First off, the tolerances are so damned tight that if you take .010 off the DM, it throws everything off... it is designed to accept the wear of the friction disc, but if you remove it from the FW, it is going to run out of tolerance that much faster.
Also, the DM simply doesn't like being machined. It can damage the mechanism inside the flywheel that makes it a DM.
I agree with the Scotchbrite and some cleaner... You can be aggressive by hand, and leave a random pattern... Shiny is good, orbital marks are good. If it's a bad spot, use a small orbital sander with the Scotchbrite to work it out, but don't go too nuts. Use a flat edge to look for friction material transfer.

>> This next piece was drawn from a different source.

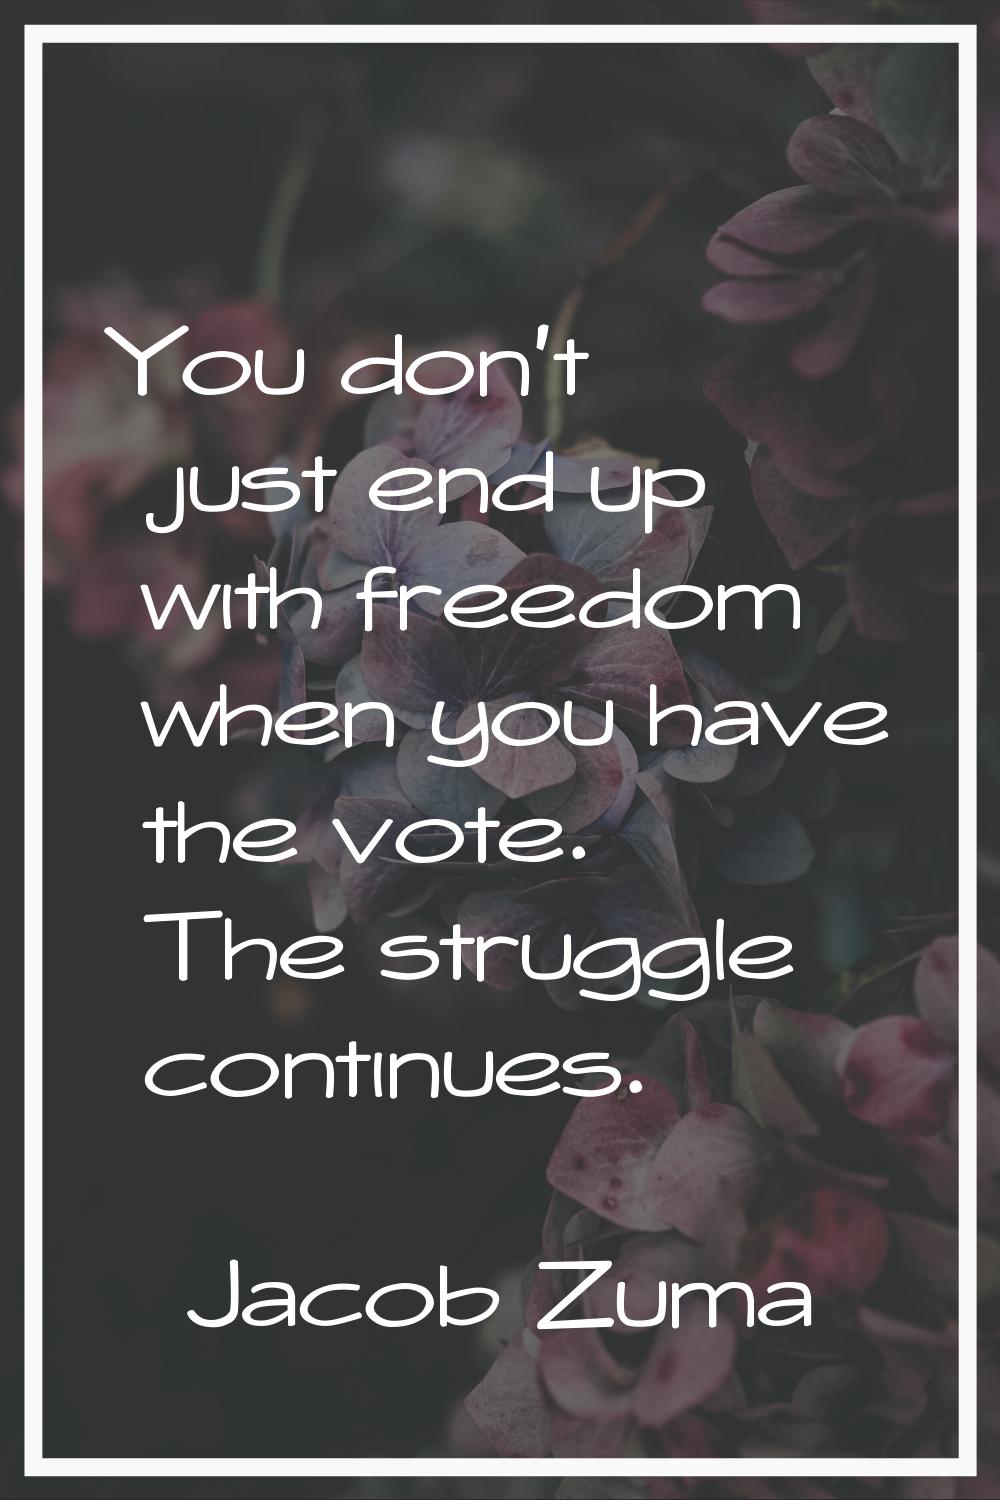 You don't just end up with freedom when you have the vote. The struggle continues.

Depending on miles, you can also do the same to the shiny surface of the pressure plate and simply replace the friction disc.
Keep in mind, the lifespan of the clutch assembly is about 95k normal driving miles. Lower if you race or beat the crap out of it. A flywheel can last up to 120k miles.
Thanks Bogus, good advice..duly noted! I'm just coming up to 70k, so there should be plenty left in it, it's always driven solid and well until around the time that damned slave started leaking! so hopefully a new clutch kit and a good clean up, and it should be good to go..
Most, if not all fluid should stay on the inner wall of the housing and, eventually, drip out the drain hole in the inspection plate. If it's slipping, it's more likely to be related to your clutch.
Still, anything you find on the FW should clean up.
ZFDoc recommends using maroon scotch-brite to clean up the face of the FW. It works very well!
On this vintage C4 the actuator is outside the bellhousing with the slave cylinder. No fluid should get inside just the actuator rod through the rubber boot gets inside the bellhousing.
On this vintage C4 the actuator is outside the bellhousing with the slave cylinder. No fluid should get inside just the actuator rod through the rubber boot gets inside the bellhousing.
Interesting Mike, so would you say the fork is in a separate compartment inside the bell housing from the clutch itself? as I said I've never had one of these apart before so I dont know one way or the other, but I DO know that when the slave came out I could quite easily get my finger in there and could feel the fork was soaked in fluid, so I'm guessing some of that fluid found its way onto the clutch it's self.